Yenakiieve is one of the largest industrial centres in the Donbas and within Donetsk Oblast. The city's most notable enterprises have historically been coal mining and ferrous metallurgy. As of January 2026, occupation authorities have recorded 2,328 small and medium businesses in the city. Retail trade is the largest share of these businesses.

The most famous and leading enterprise in the city is the steelmaking enterprise known as Yenakiieve Iron and Steel Works. It was founded in 1895 as a joint Russian and Belgian project. After Ukrainian independence, it became part of Metinvest, and in 2013 received a large investment of $360 million to build a new agglomeration factory. After the DPR took over, they de facto integrated the factory as a branch of the Yuzhny Mining and Metallurgical Complex producing iron ore agglomerate, pig iron, and cast billets, although de jure it still remains under Metinvest. The other famous enterprise in the city is the Yenakiieve Coke-Chemical Plant, which is one of the oldest coking enterprises in Donetsk Oblast. It produces around twenty types of products. In the mid-2010s, after having bankruptcy proceedings, Metinvest also bought a controlling stake in the plant, which by then operated three coke batteries and employed 1,130 people. In 2017, Metinvest lost all control of the plant, and it de facto became part of Vneshtorgservis, a sanctioned company operated by politician Vladimir Pashkov which manages confiscated industries. Under Vneshtorgservis, the financial performance has dropped sharply and went into net loss in 2017-18.

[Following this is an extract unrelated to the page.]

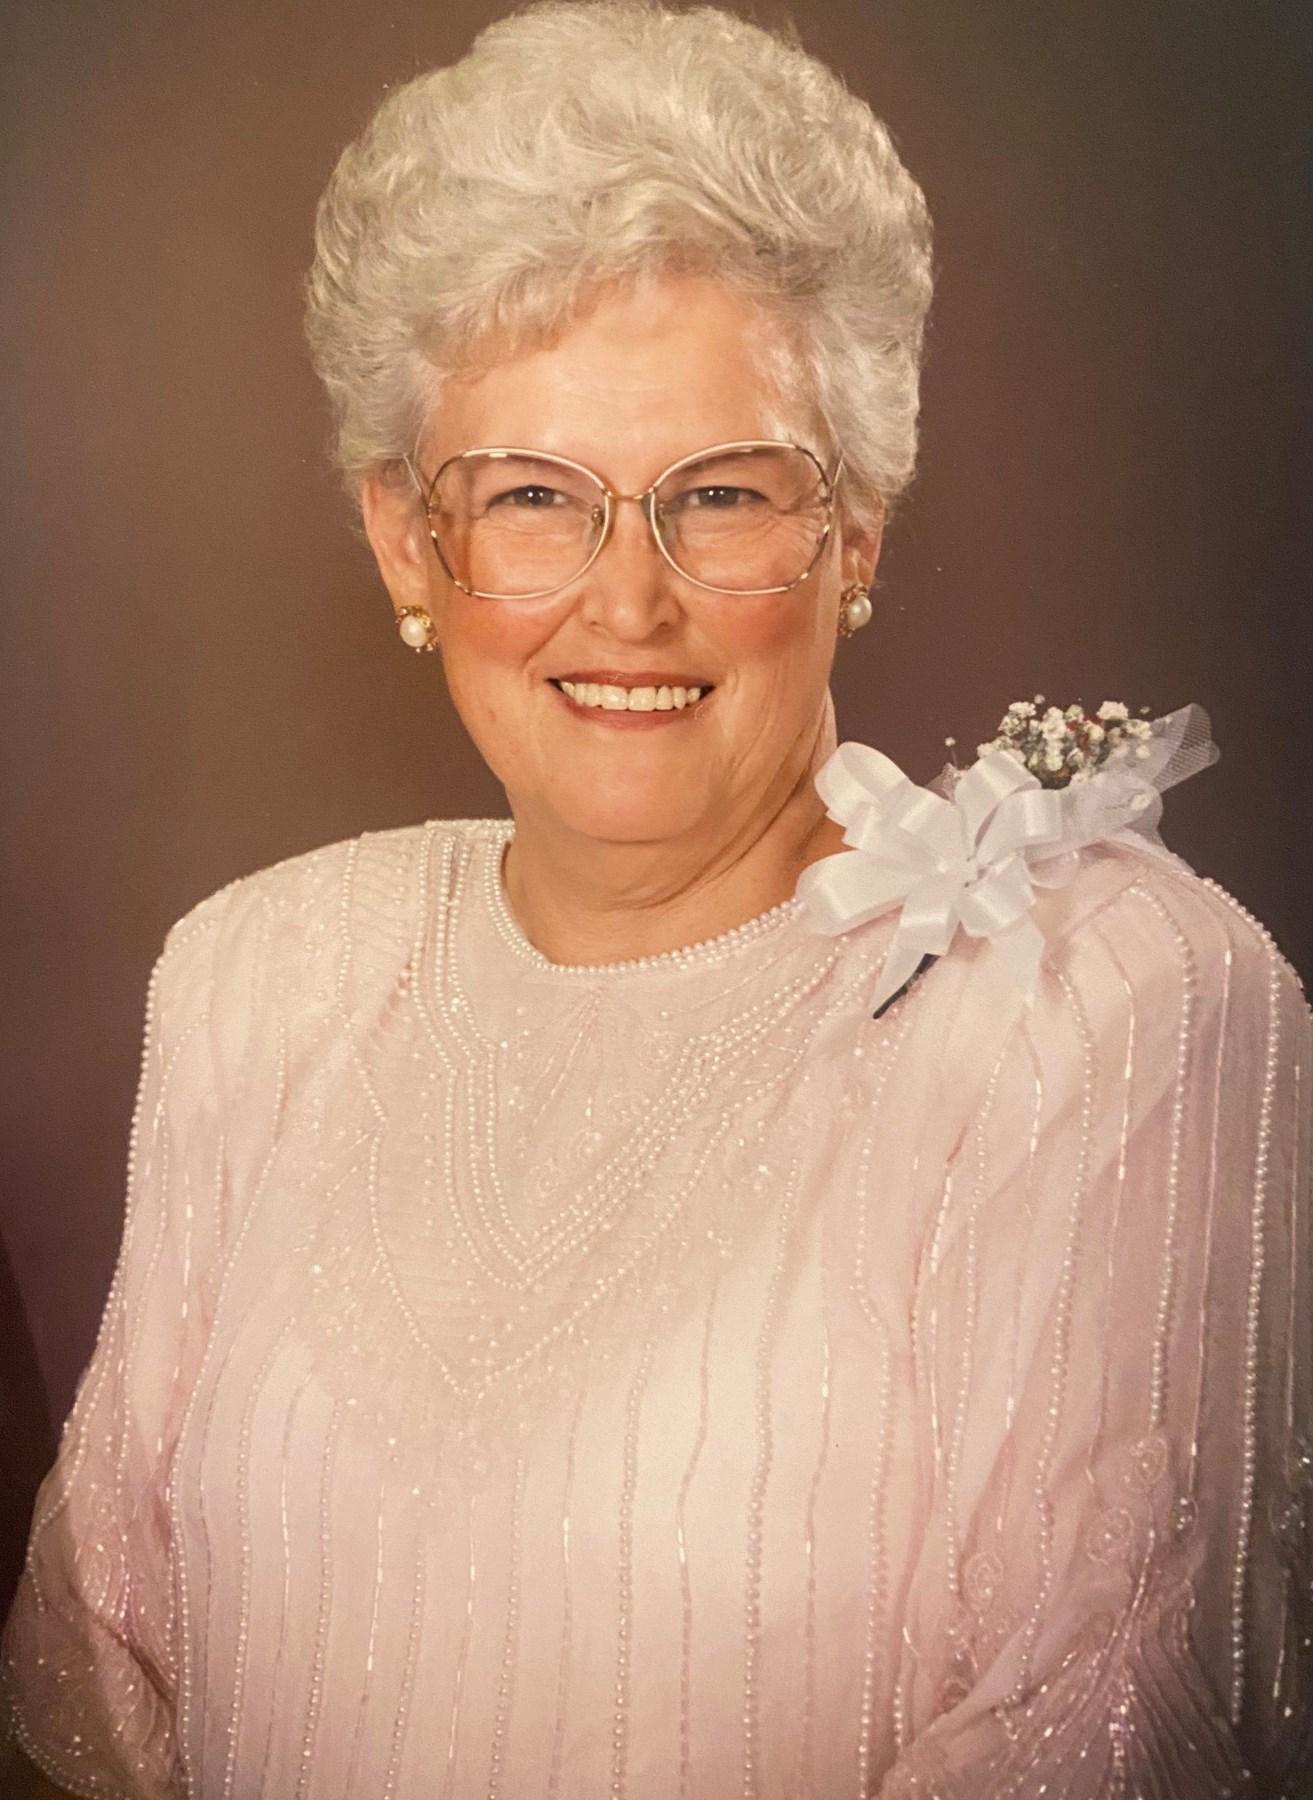 lena hutcherson memphis tn obituary - Memphis Funeral Home And Memorial Gardens Germantown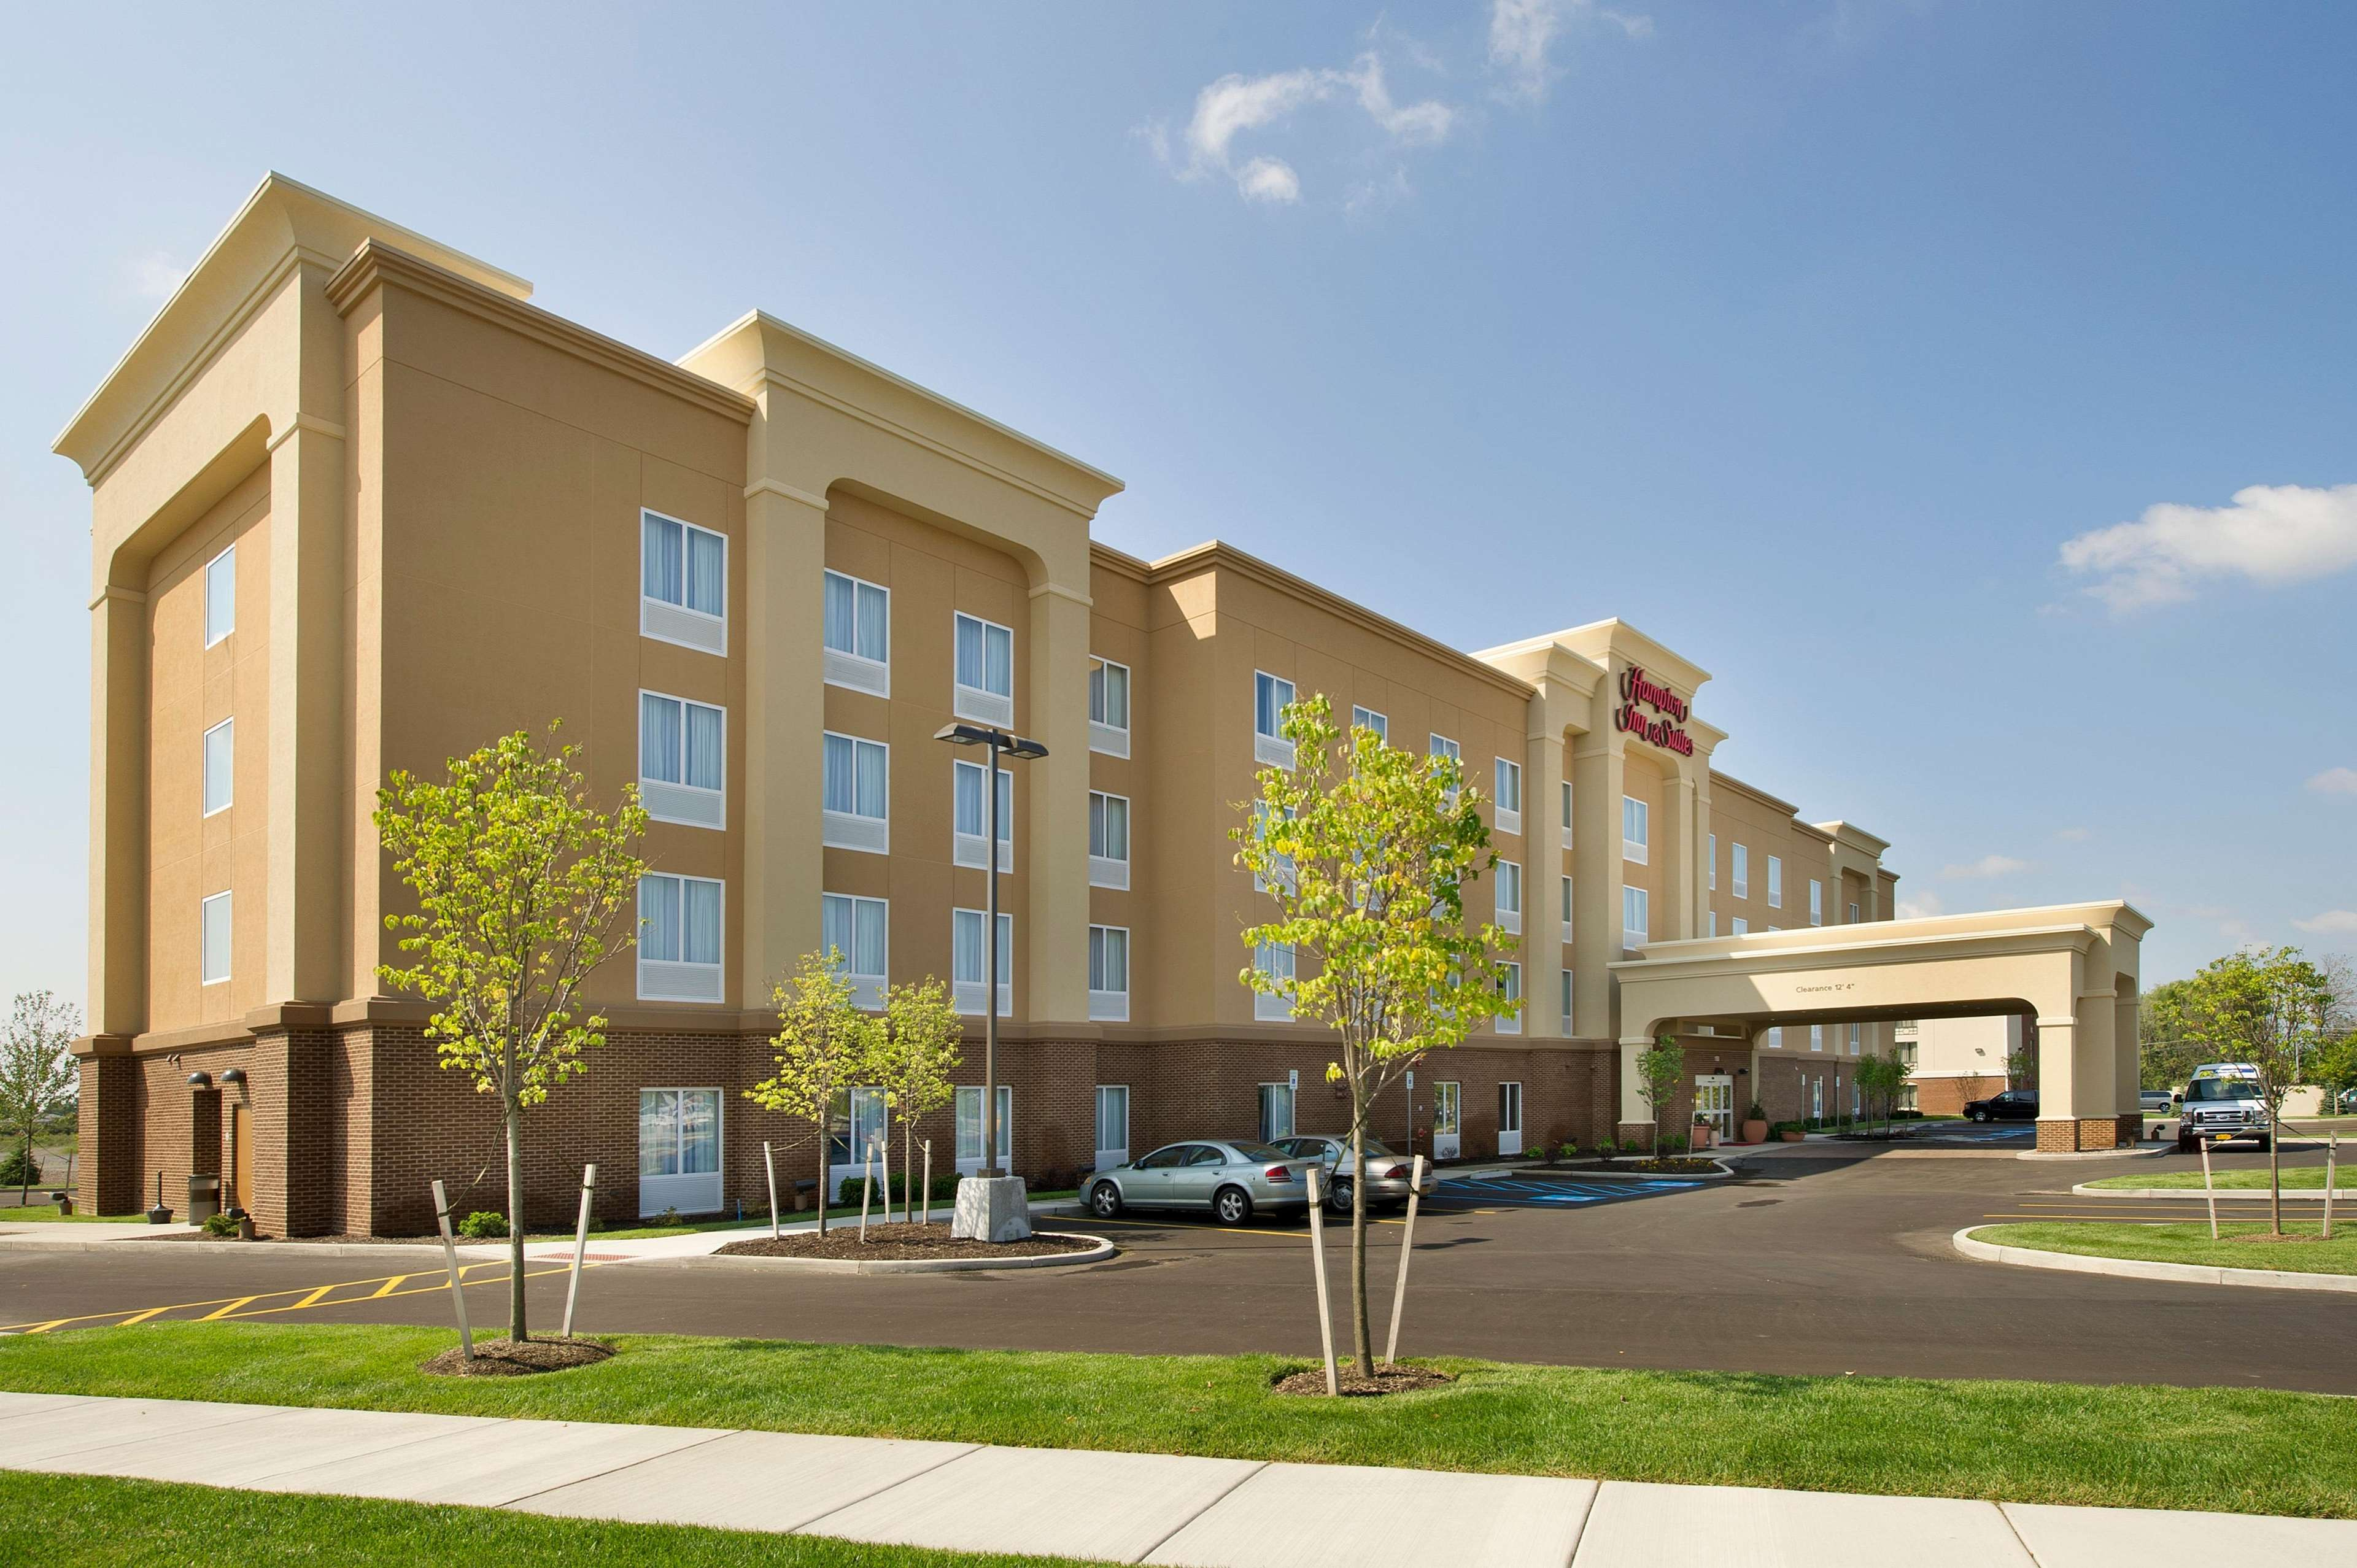 Hampton Inn & Suites Buffalo Airport image 0

Other enterprises within the city include the coal-mining association Ordzhonikidzeugol, which operates six mines in the city. In March 2025, it was de facto put into liquidation. There is also the Yenakiieve Boiler-Mechanical Plant, a cement plant, a municipal dairy plant, and other industrial enterprises.

== Education ==
=== University education ===
There are three higher-education institutes in the city. The first of these is the Yenakiieve Metallurgical Technical College, which was established in 1929 and has trained over 35,000 people in technical skills. The college's departments consist of mechanical and metallurgical studies, automation, and software engineering. The second higher education institute is the Yenakiieve Technical College of Economics and Management, which was opened in 1970, and became a commercial technical college in 1991 and affiliated with Donetsk National University.After the DPR takeover, it was de facto reconstituted as part of the Donetsk National University. It has two academic buildings. The last higher education institute is its associated Yenakiieve Training and Consultation Centre, which has also acted as a subdivision of Donetsk National University since 1992.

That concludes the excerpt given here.